I've gone over Angular 2, React, Vue.js, Ember, Polymer, and so many more. The one I really connected with is Vue. While I realize it's only been gaining popularity in recent months, there are some big companies who start to make use of it in big scale production sites (Alibaba, Laraval, ...), this makes me pretty confident that support will not be an issue.

For the db I would definitely choose Postgres, but I would go for plain old relational tables, and maybe use its JSON features for data which is isolated and does not relate to other data (e.g.saving spreadsheets data).

For the server I would choose NodeJS + Express + SequelizeJS, and I will probably make use of some GraphQL library up ahead too. But honestly, if you choose to make your system a SPA, then your server will not do much of the heavy lifting anyways - it will probably expose an API point and be used as an interface to the database, so I think any back-end stack would fit in. I would also consider Python + Flask + SQLAlchemy, which used to be my stack of choice few years back.

1 comments

I recently (for the last 3-4 months) attempted to code a CMS as a side project. I've chosen Python+Flask+SQL and vanilla JS, but have considered using Node and Go at various times of my coding.

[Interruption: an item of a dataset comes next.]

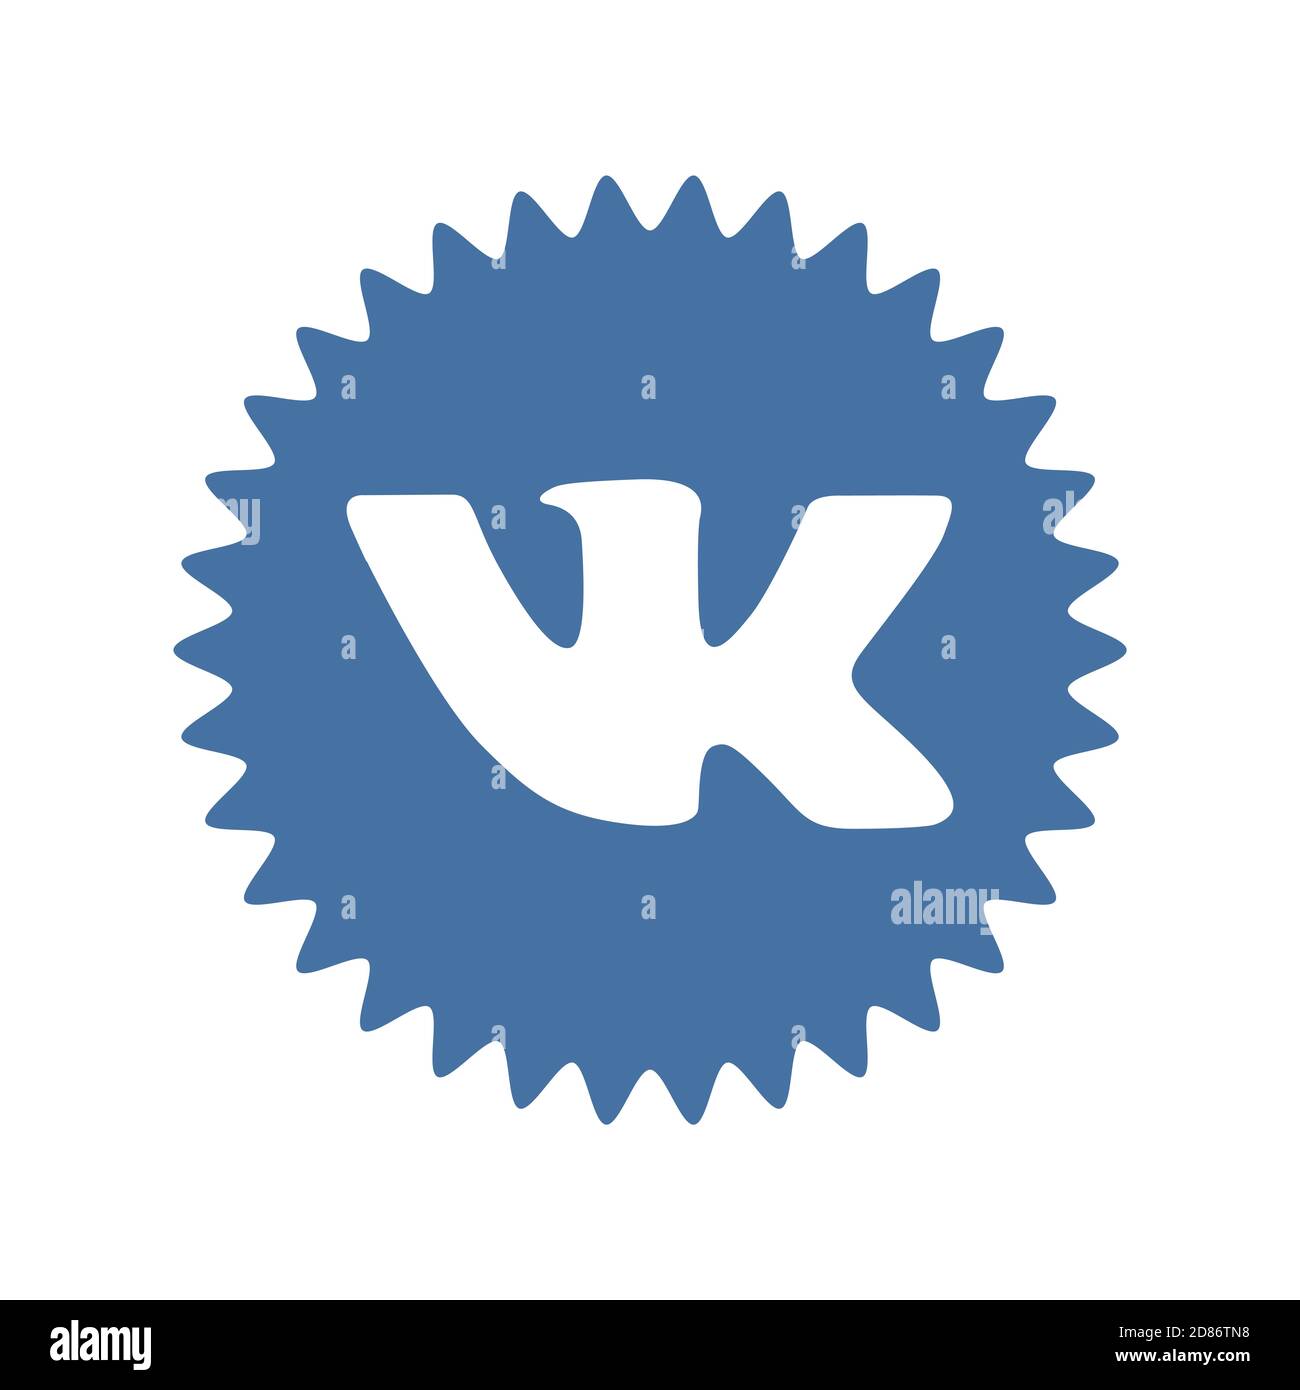 Vk - Vk Png Logo PNG Image With Transparent Background | TOPpng

The biggest disappointment I had by not using Node is that I couldn't easily integrate all the beautiful javascript libraries by just loading a module from npm.

For example, I'm using Quilljs for text entry, and I have to write something that parses Quill's JSON output and turns it into a renderable html/markdown. If I had used Node, there is already a module for it :).

If I started from scratch, I would have designed the back-end first without using any library. (I would define my objects User, Post etc. and hid the SQL as methods (e.g create, update, delete) under the hood) That way, I could debug the app, add new features without having the need to setup a web server. I could also write sound unit tests. I seriously regret not having done that.

The problem with my CMS was, that it was easy at the beginning. My customers asked new features and I just hacked them in. Now, my code is still legible, but since I've used wrong abstractions, it's a pain to add new features.

Your mileage may vary, I was inexperienced with FLASK and SQL at the time I started the CMS. I've learned a lot during the making and wanted to share my two cents.